Harassing teenagers is also quite popular among trolls. “We’ve heard about kids being told to kill themselves because they are ‘ugly’ and other children being targeted online because of their race,” Ms Cooney says. In 2015,a quarter of teenagers in England fell victim to online abuse.
In dealing with adolescent trolls, Ms Cooney would often try to provoke their empathy. “We ask them to consider how their granny might view a photo or comment that they are about to share.”
Cyber experts customarily advise internet users to remain calm and ignore online offenders, as their ultimate aim is to entice a clapback.
A Labour online abuse bill, which would criminalise online bullying and revenge porn, is also at its second debate stage in the Oireachtas.
Frank (not his real name) is a 24-year-old self-admitted troll in Cork for whom the term has shed its derogatory implications. “It’s not trolling; it’s activism,” he says.

He describes trolling as a thankless, but significant act of “telling it like it is” while others are too “politically correct” to do so.
“Being real should be valued and appreciated instead of being labelled and judged by society. You call me a troll; I call myself real. These labels are there to make us conform to society’s rules.”
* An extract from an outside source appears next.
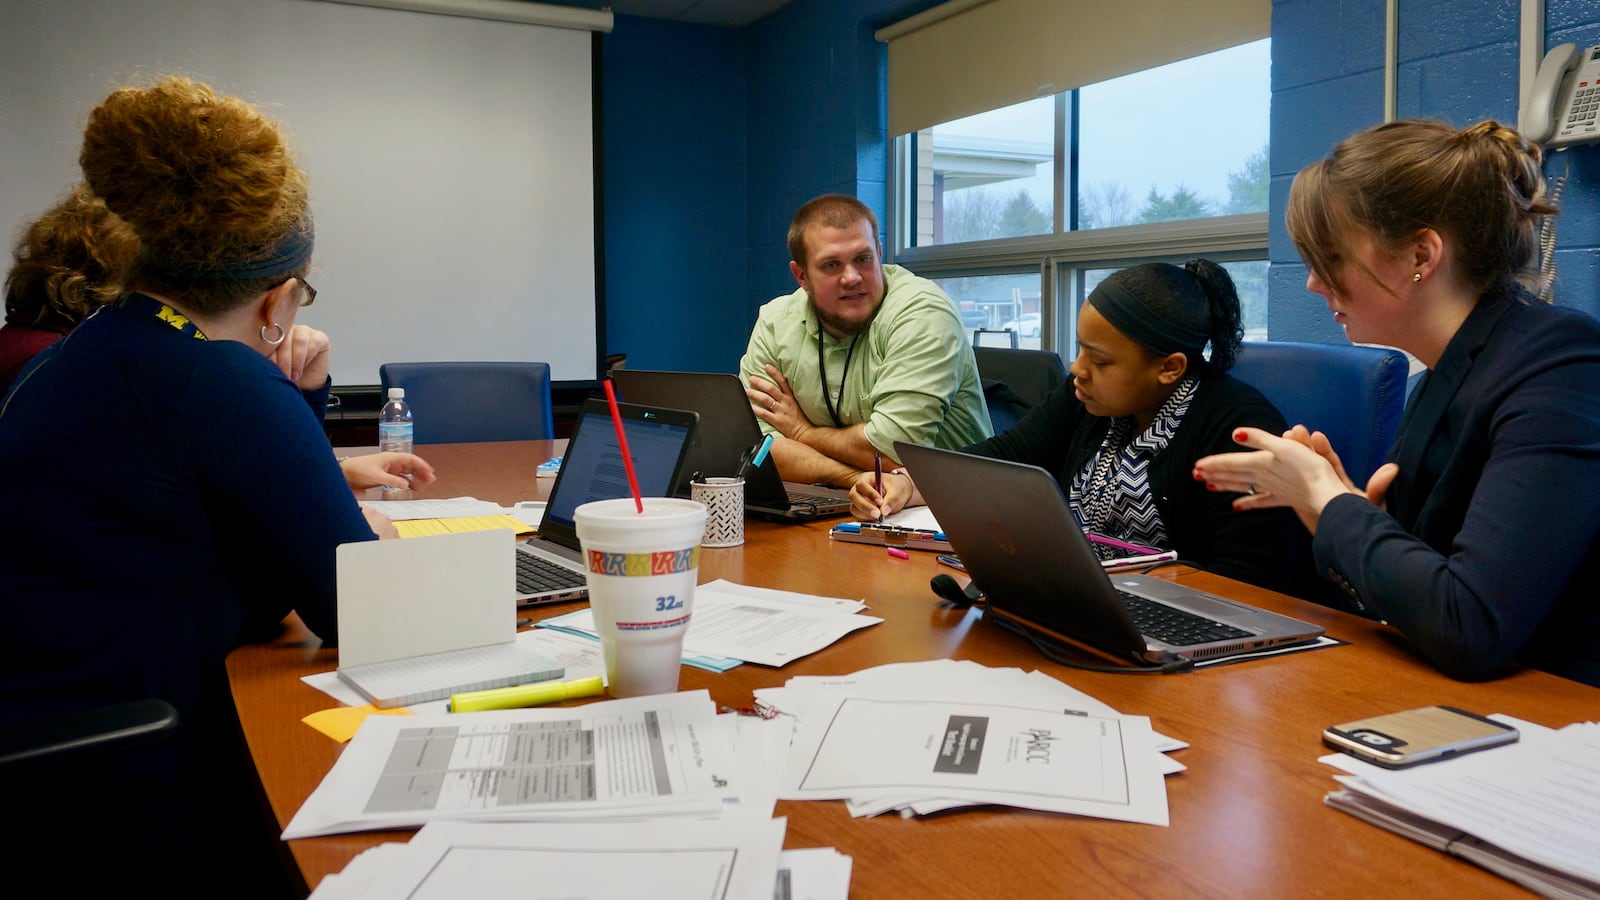 The multi-classroom leaders meet regularly with teachers and district coaches to review data and plan lessons.
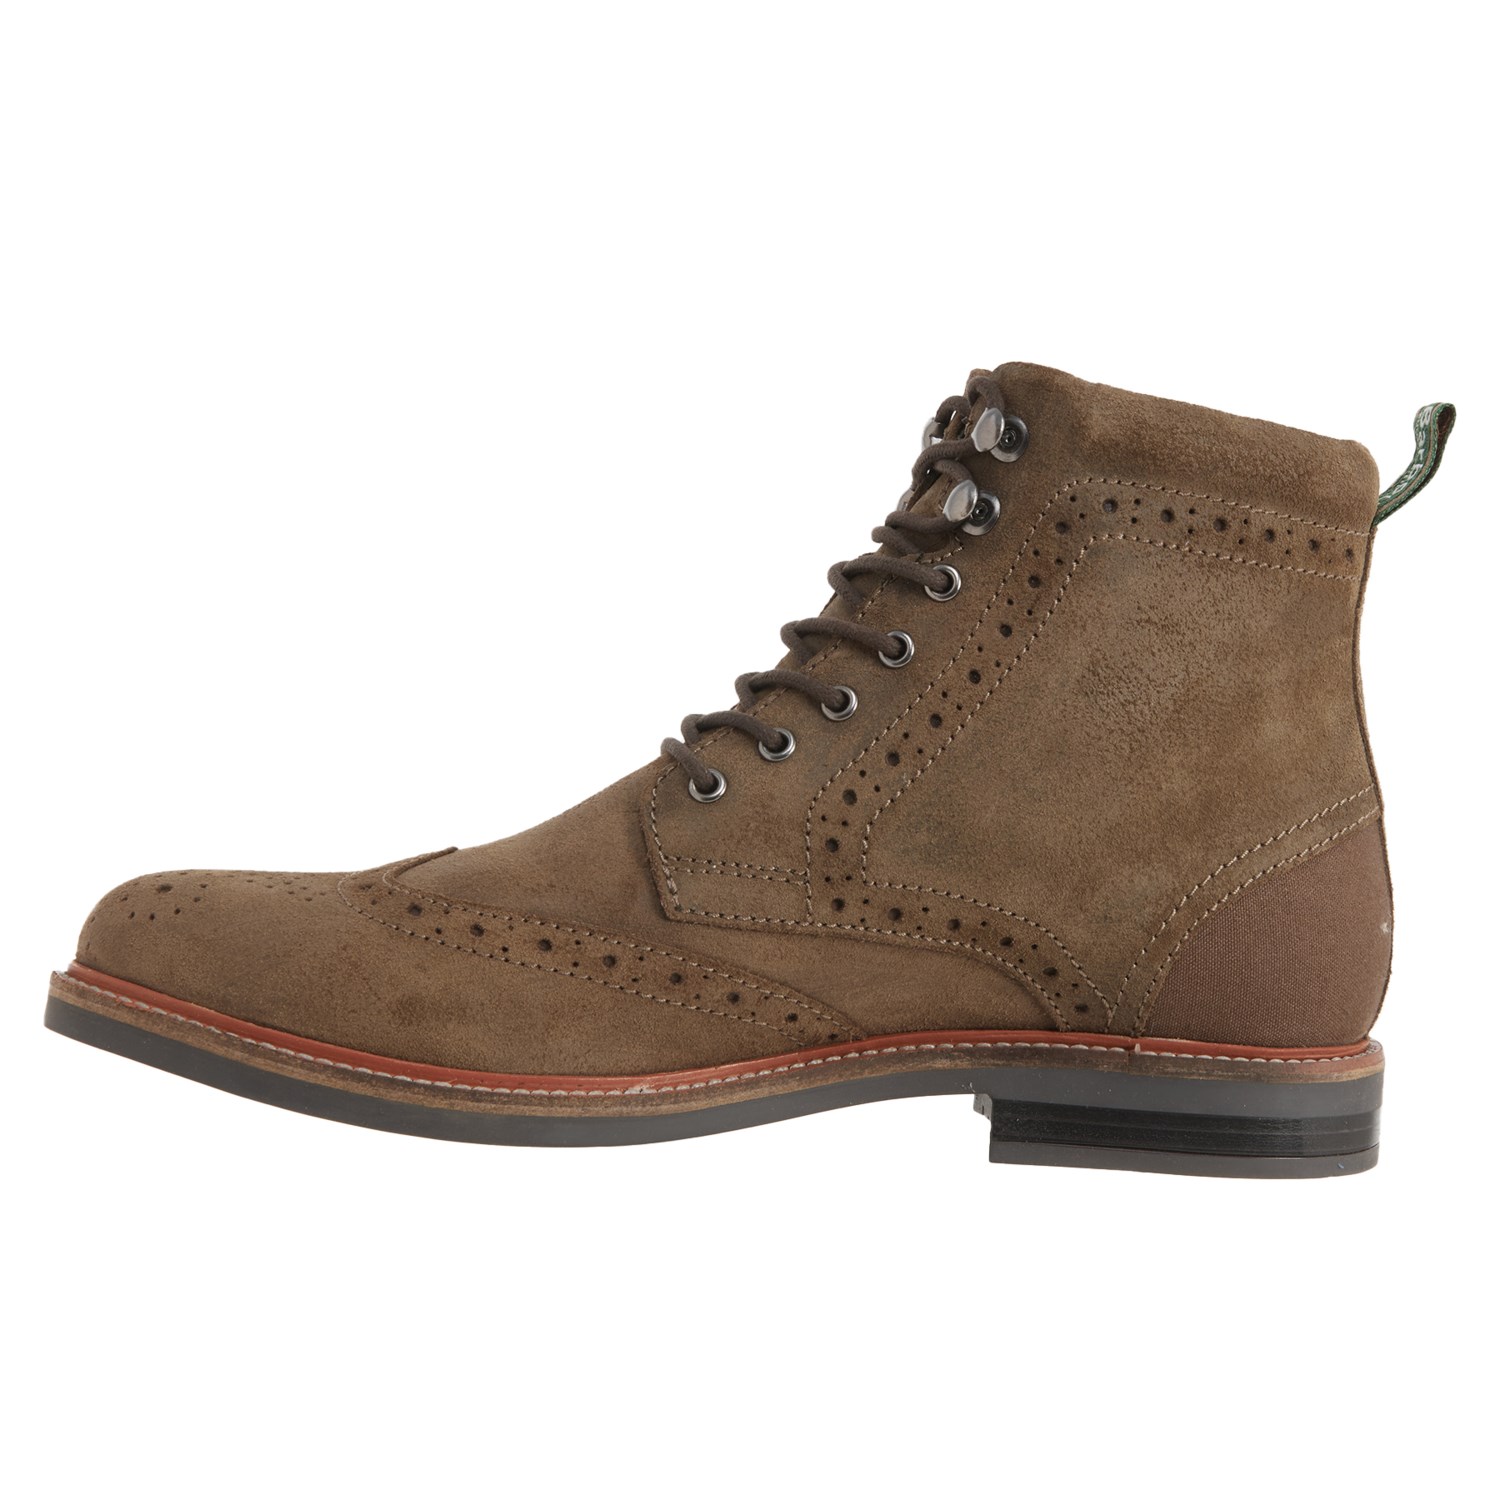 Barbour Seaton Boots (For Men) - Save 47%

Frank’s day job as a customer service operator requires him to be extra polite and patient with people, even when they unleash their fury on him over the phone. The young man says he hates his job mostly because it encourages him to be “fake”.
“I have to put on a mask. I mean we all do, but some people forget to take off their masks so they will always be fake.”
Trolling, he claims, gives him a sense of freedom from a phoney society, handing him a unique opportunity to play by his own rules, like a tiny number liberated from a larger equation. He says trolling, much like customer service operation, takes much patience, but yields therapeutic results.
“It does make me angry to see how people are ignorant. But it’s good that I can tell them the truth and be as real as I can be. So, It actually makes me feel better,” he says.
Suspended from Twitter, Frank trades sharp-edged barbs with Facebook users every night from midnight to 3am, and goes to work at 8am every weekday. He becomes agitated when inquired about his suspension from Twitter. “Some people reported it [his account] as being inappropriate, nonsense like that.”
Does he ever wonder if his words would provoke someone to commit suicide? “I don’t think people kill themselves because of trolling,” he says, without missing a beat.
Frank says he has built a rapport with other trolls in the country with whom he plays a nightly game of trolls, the only game in which he deems himself a victor.